在python中,是否有一种方法,以简短/清晰的方式返回图像目录(不列出每个文件)?
So, possibly something like this:
可能是这样的:
list all images, sort numerically, create a list (counting each image in sequence from start). When an image is missing (create a new list), continue until original file list is finished. Now I should just have some lists that contain non broken sequences.
列出所有图像,按数字排序,创建一个列表(从开始按顺序计算每个图像)。当一个图像丢失(创建一个新列表),继续直到原始文件列表完成。现在我应该有一些包含不间断序列的列表。
I'm trying to make it easy to read/describe a list of numbers. If I had a sequence of 1000 consecutive files It could be clearly listed as file[0001-1000] rather than file['0001','0002','0003' etc...]
我正设法使读/描述一串数字变得容易。如果我有一个连续1000个文件的序列,它可以被清楚地列出为文件[0001-]而不是文件['0001','0002','0003'等等…
Edit1(based on suggestion): Given a flattened list, how would you derive the glob patterns?
Edit1(基于建议):给定一个扁平的列表,如何派生glob模式?
Edit2 I'm trying to break the problem down into smaller pieces. Here is an example of part of the solution: data1 works, data2 returns 0010 as 64, data3 (the realworld data) doesn't work:
Edit2,我试着把问题分解成小块。这里有一个解决方案的部分示例:data1工作,data2返回0010作为64,data3 (realworld数据)不起作用:
# Find runs of consecutive numbers using groupby. The key to the solution
# is differencing with a range so that consecutive numbers all appear in
# same group.
from operator import itemgetter
from itertools import *
data1=[01,02,03,10,11,100,9999]
data2=[0001,0002,0003,0010,0011,0100,9999]

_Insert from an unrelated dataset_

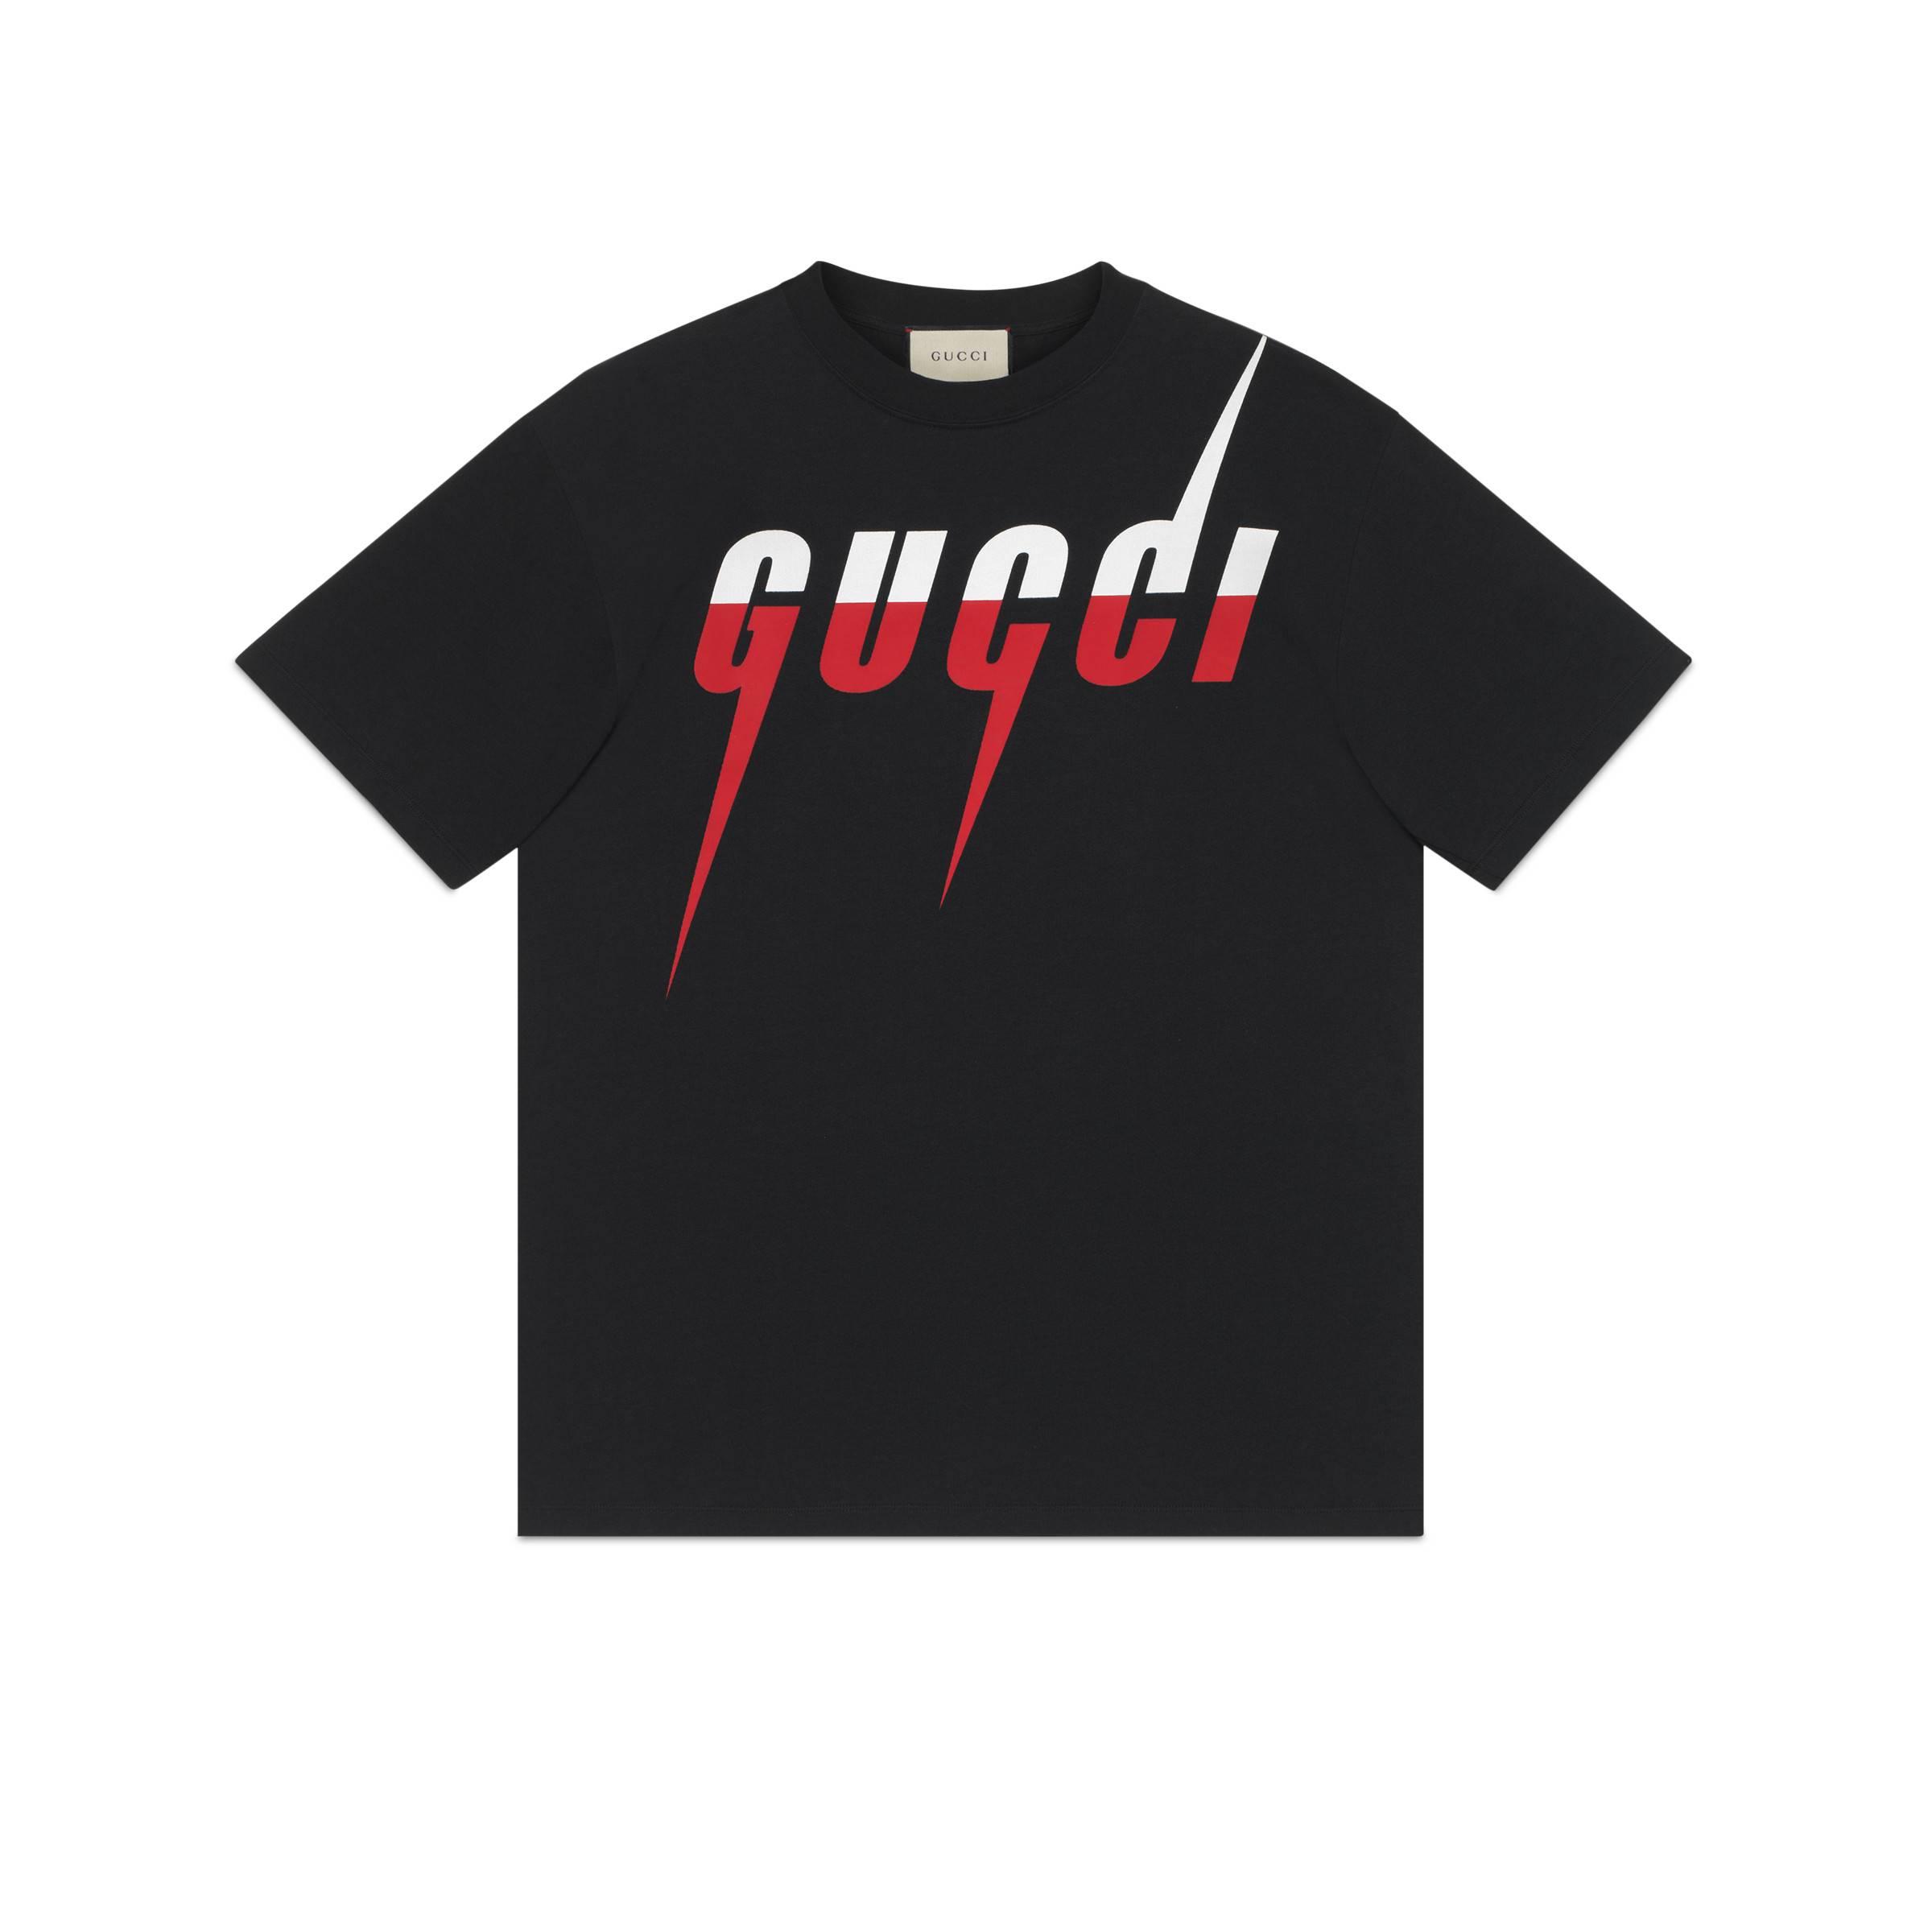 Gucci Cotton T-shirt With Blade Print in Black for Men - Save 31% - Lyst

data3=['image_0001','image_0002','image_0003','image_0010','image_0011','image_0011-2','image_0011-3','image_0100','image_9999']
list1 = []
for k, g in groupby(enumerate(data1), lambda (i,x):i-x):
list1.append(map(itemgetter(1), g))
print 'data1'
print list1
list2 = []
for k, g in groupby(enumerate(data2), lambda (i,x):i-x):
list2.append(map(itemgetter(1), g))
print '\ndata2'
print list2
returns:
返回:
data1
[[1, 2, 3], [10, 11], [100], [9999]]
data2
[[1, 2, 3], [8, 9], [64], [9999]]
3 个解决方案
#1
6
Here is a working implementation of what you want to achieve, using the code you added as a starting point:
以下是您想要实现的目标的有效实现,使用您添加的代码作为起点:
#!/usr/bin/env python
import itertools
import re
# This algorithm only works if DATA is sorted.
DATA = ["image_0001", "image_0002", "image_0003",
"image_0010", "image_0011",
"image_0011-1", "image_0011-2", "image_0011-3",
"image_0100", "image_9999"]
def extract_number(name):
# Match the last number in the name and return it as a string,
# including leading zeroes (that's important for formatting below).
return re.findall(r"\d+$", name)[0]
def collapse_group(group):
if len(group) == 1:
return group[0][1] # Unique names collapse to themselves.
first = extract_number(group[0][1]) # Fetch range
last = extract_number(group[-1][1]) # of this group.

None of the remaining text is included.